2. PEB (Pre-Eklamsi Berat) Pre-Eklamsi Dan Eklamsi

merupakan kesatuan penyakit yang langsung disebabkan oleh kehamilan, sebab

terjadinya masih belum jelas. Setelah perdarahan dan infeksi, pre-eklamsi dan eklamsi

merupakan penyebab kematian maternal dan perinatal paling penting dalam ilmu

kebidanan. Karena itu diagnosa dini amatlah penting, yaitu mampu mengenali dan

mengobati agar tidak berlanjut menjadi eklamsi (Mochtar, 1998). Pre-eklamsi ialah

penyakit dengan tanda-tanda hipertensi, edema, dan proteinuria yang timbul karena

kehamilan. Penyakit ini umumnya terjadi pada trimester III kehamilan, tetapi dapat

terjadi sebelumnya, misalnya pada mola hidatidosa. Hipertensi biasanya timbul lebih
dahulu dari pada tanda-tanda lain. Untuk menegakkan diagnosis pre-eklamsi, kenaikan

tekanan sistolik harus 30 mmHg atau lebih diatas tekanan yang biasanya ditemukan, atau

mencapai 140 mmHg atau lebih. Kenaikan tekanan diastolik sebenarnya lebih dapat

dipercaya. Apabila tekanan diastolik naik dengan 15 mmHg atau lebih, atau menjadi 100

mmHg atau lebih, maka diagnosis hipertensi dapat dibuat. Penentuan tekanan darah

dilakukan minimal 2 kali dengan jarak waktu 6 jam pada kedaan istirahat (Wiknjosastro,

2002).

Edema ialah penimbunan cairan secara umum dan berlebihan dalam jaringan

tubuh, dan biasanya dapat diketahui dari kenaikan berat badan serta pembengkakan kaki,

jari tangan, dan muka. Edema pretibial yang ringan sering ditemukan pada kehamilan

biasa, sehingga tidak seberapa berarti untuk penentuan diagnosis pre-eklamsi. Kenaikan

berat badan setengah kilo setiap minggu dalam kehamilan masih dapat dianggap normal,

tetapi bila kenaikan satu kilo seminggu beberapa kali,hal ini perlu menimbulkan

kewaspadaan terhadap timbulnya pre-eklamsia. Proteinuria berarti konsentrasi protein

dalam air kencing yang melebihi 0,3 gram/liter dalam air 24 jam atau pemeriksaan

kualitatif menunjukkan satu atau dua + atau satu gram per liter atau lebih dalam air

kencing yang dikeluarkan dengan kateter yang diambil minimal 2 kali dengan jarak

waktu 6 jam. Biasanya proteinuria timbul lebih lambat dari pada hipertensi dan kenaikan

berat badan karena itu harus dianggap sebagai tanda yang cukup serius (Wiknjosastro,

2002).

Pada penatalaksanaan pre-eklamsia untuk pencegahan awal ialah pemeriksaan

antenatal yag teratur dan bermutu serta teliti, mengenali tanda-tanda sedini mungkin, lalu

diberikan pengobatan yang cukup supaya penyakit tidak menjadi lebih berat. Tujuan
utama penanganan adalah untuk mencegah terjadinya pre-eklamsi dan eklamsi,

hendaknya janin lahir hidup dan trauma pada janin seminimal mungkin (Mochtar, 1998).

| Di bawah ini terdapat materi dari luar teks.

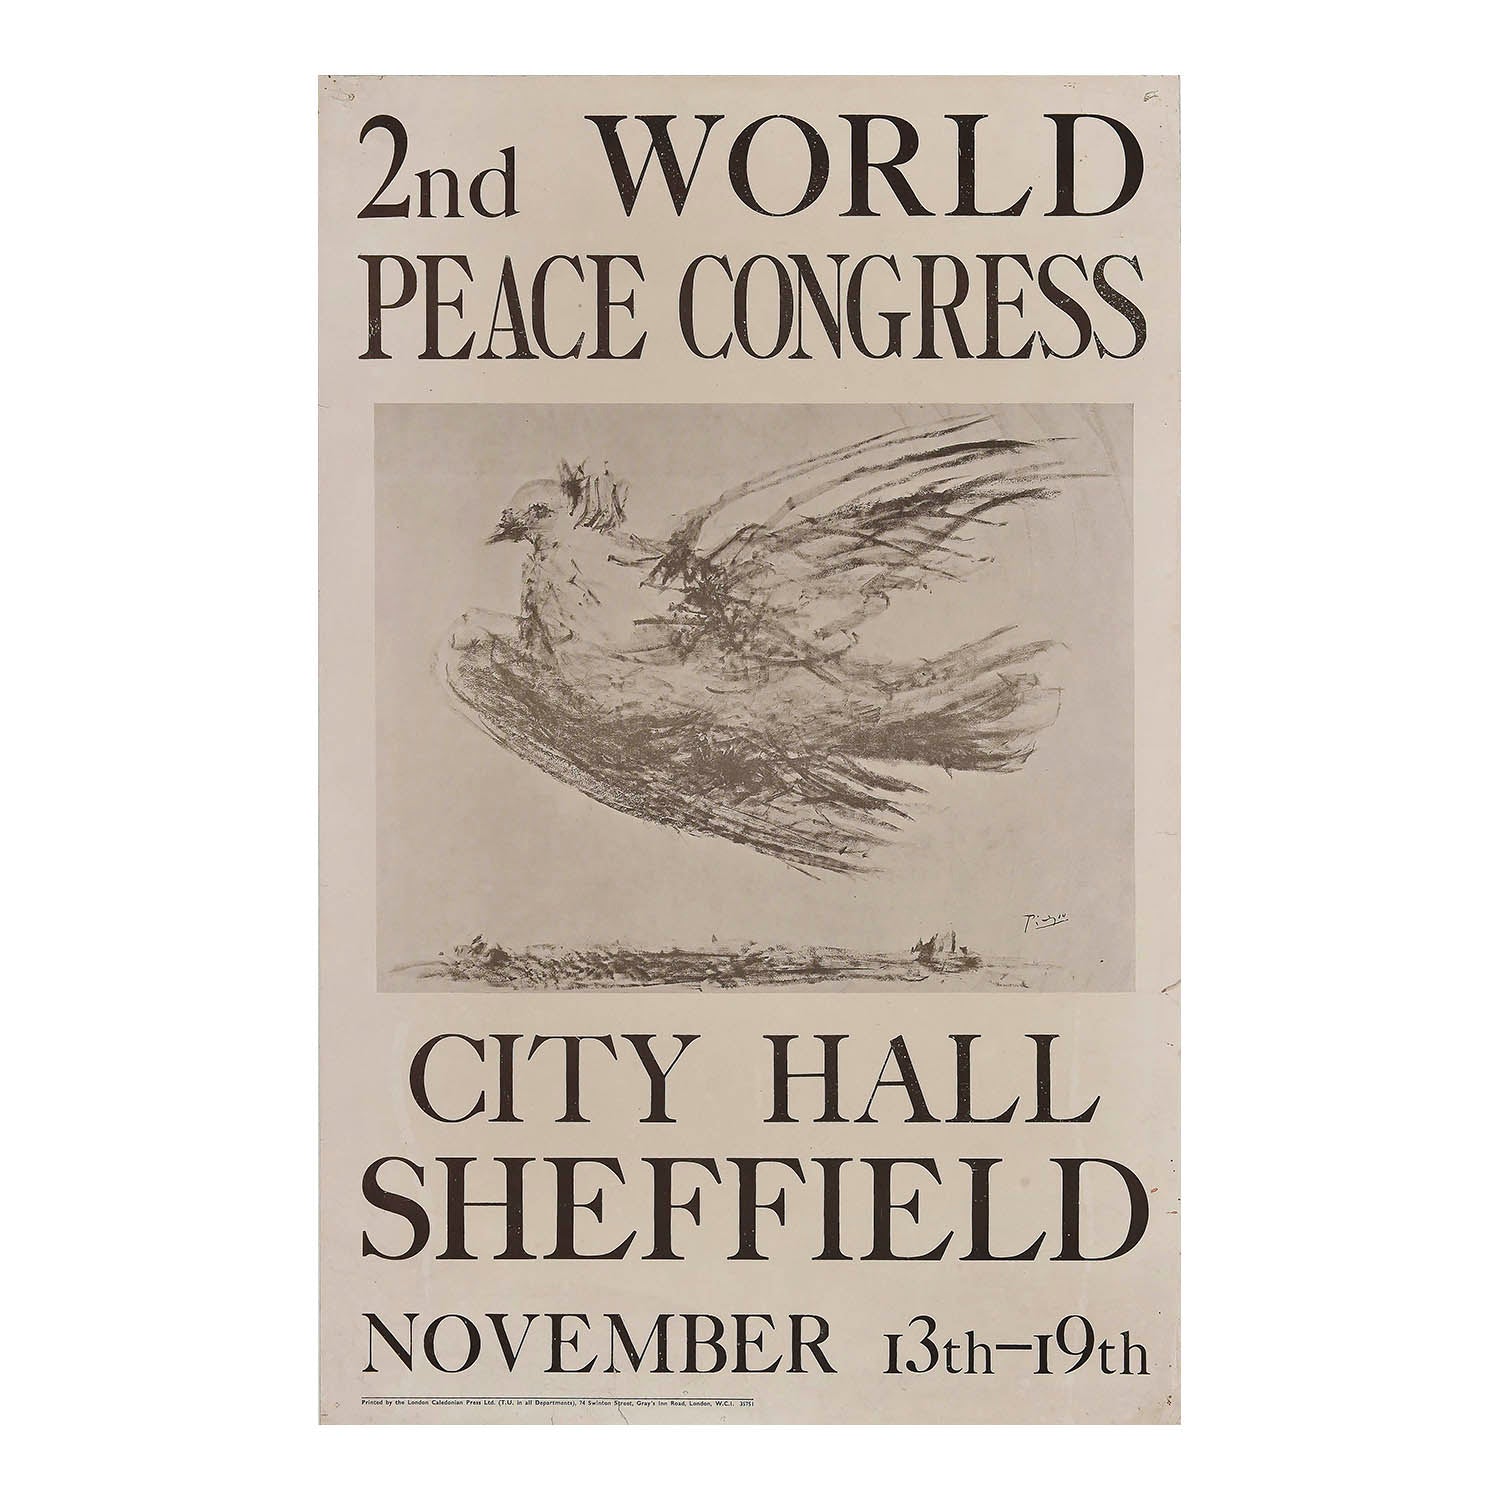 extremely rare poster for the Second World Congress of the Partisans of Peace (WCPP), featuring the Dove of Peace designed specifically for the event by Pablo Picasso, 1950.

Menurut (Manuaba, 1998) gejala pre-eklamsi berat dapat diketahui dengan pemeriksaan

pada tekanan darah mencapai 160/110 mmHg, oliguria urin kurang 400 cc/24 jam,

proteinuria lebih dari 3 gr/liter. Pada ibu penderita pre-eklamsi berat, timbul konvulsi

yang dapat diikuti oleh koma. Mencegah timbulnya eklamsi jauh lebih penting dari

mengobatinya, karena sekali ibu mendapat serangan, maka prognosa akan jauh lebih

buruk.

3. KPD (Ketuban Pecah Dini)

Ketuban pecah dini adalah pecahnya ketuban sebelum terdapat tanda persalinan

dan ditunggu satu jam belum terjadi inpartu. Sebagian besar ketuban pecah dini adalah

hamil aterm di atas 37 minggu, sedangkan di bawah 36 minggu tidak terlalu banyak

(Manuaba, 2001). Ada dua macam kemungkinan ketuban pecah dini, yaitu premature

rupture of membran dan preterm rupture of membrane. Keduanya memiliki gejala yang

sama yaitu keluarnya cairan dan tidak ada keluhan sakit. Tanda-tanda khasnya adalah

keluarnya cairan mendadak disertai bau yang khas, namun berbeda dengan bau air seni.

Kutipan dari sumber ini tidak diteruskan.